Eleanor was born in Castile, Spain, daughter of Ferdinand III of Castile, King of Castile and Leon and his second wife, Jeanne de Dammartin, the French-born Countess of Ponthieu in Picardy. Her Castilian name, Leonor, became Alienor or Alianor in England, and Eleanor in modern English. She was the second of five children born to Fernando and Jeanne. Her elder brother Fernando was born in 1239/40, her younger brother Louis in 1242/43; two sons born after Louis died young. For the ceremonies in 1291 marking the first anniversary of Eleanor's death, 49 candlebearers were paid to walk in the public procession to commemorate each year of her life. This would date her birth to the year 1241.

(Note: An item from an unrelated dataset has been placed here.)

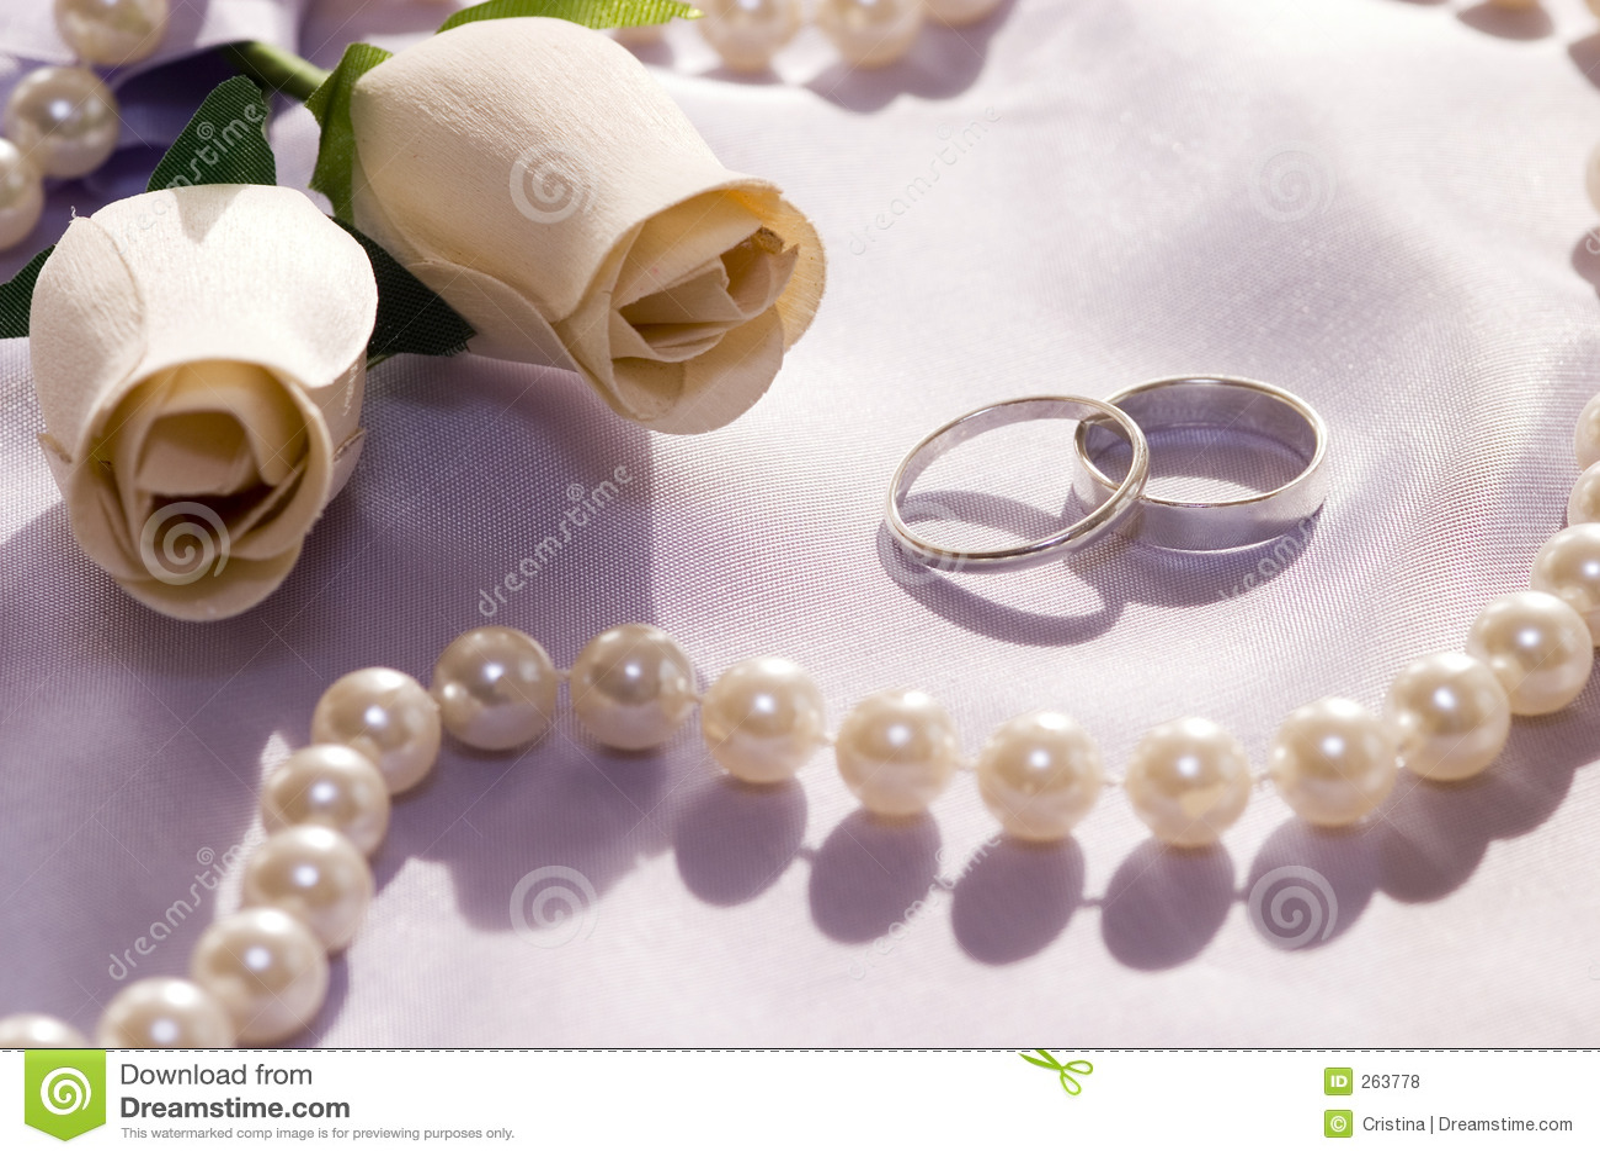 Royalty Free Stock Photos Wedding Still Life 2 Image263778

Prospective bride to Theobald II of Navarre

Eleanor's marriage in 1254 to the future Edward I of England was not the first marriage her family planned for her. The kings of Castile had long claimed to be paramount lords of the Kingdom of Navarre in the Pyrenees], and from 1250 Ferdinand III and his heir, Eleanor's half-brother Alfonso X of Castile, hoped she would marry Theobald II of Navarre. To avoid Castilian control, Margaret of Bourbon (mother to Theobald II) in 1252 allied with James I of Aragon instead, and as part of that treaty solemnly promised that Theobald would never marry Eleanor.

Marriage

In 1252, Alfonso X resurrected flimsy ancestral claims to the duchy of Gascony, in the south of Aquitaine, last possession of the Kingdom of England in France. Henry III of England swiftly countered Alfonso's claims. Early in 1254 the two kings began to negotiate; after haggling over the financial provision for Eleanor, Henry and Alfonso agreed she would marry Henry's son Edward, and Alfonso would transfer his Gascon claims to Edward.

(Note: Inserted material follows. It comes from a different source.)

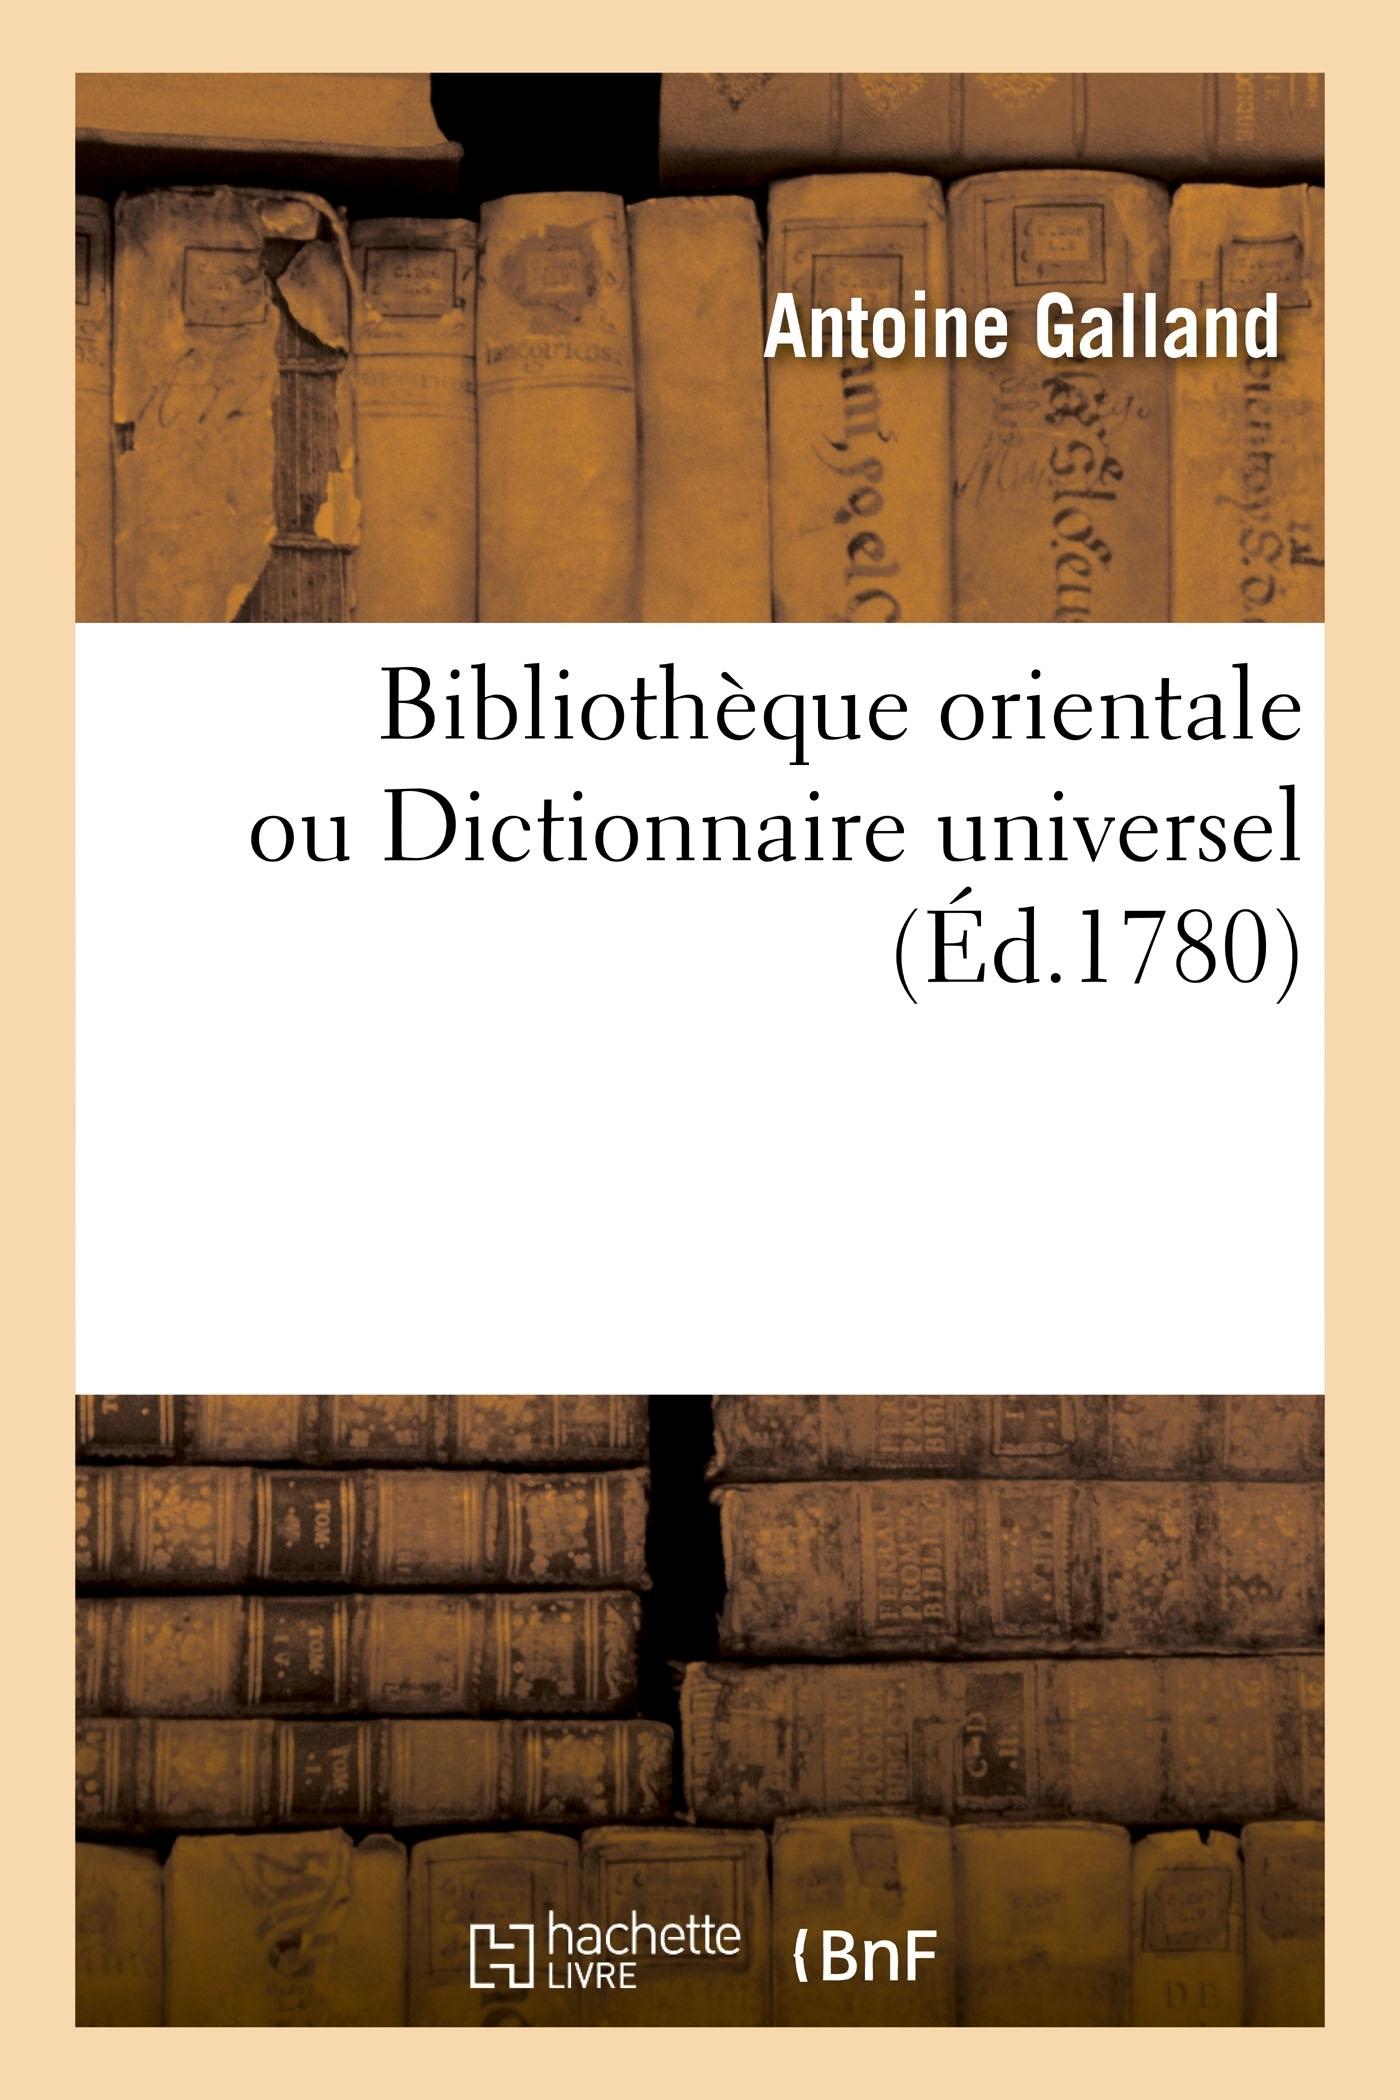 BIBLIOTHEQUE ORIENTALE OU DICTIONNAIRE UNIVERSEL

The young couple married at Burgos in Castile on 1 November 1254. Henry III took pride in resolving the Gascon crisis so decisively, but his English subjects feared that the marriage would bring Eleanor's kinfolk and countrymen to live off Henry's ruinous generosity. Several of her relatives did come to England soon after her marriage. She was too young to stop them or prevent Henry III paying for them, but she was blamed anyway and her marriage was unpopular.

Second Barons' War

There is little record of Eleanor's life in England until the 1260s, when the Second Barons' War, a civil war between Henry III and his barons, divided the kingdom. During this period Eleanor supported Edward's interests, importing archers from her mother's county of Ponthieu in France. Later rumors that she sought more troops from Castile led to her removal from Windsor Castle in June 1264 after the Battle of Lewes; Edward was imprisoned and she was kept at Westminster. After Edward and Henry's army defeated the baronial army at the Battle of Evesham in 1265, Edward took a major role in reforming the government and Eleanor rose to prominence at his side.

Crusade

By 1270, the kingdom was pacified and Edward and Eleanor left to join his uncle Louis IX of France on the Eighth Crusade. Louis died at Carthage before they arrived, however, and after they spent the winter in Sicily, the couple went on to Acre in Palestine, where they arrived in May 1271.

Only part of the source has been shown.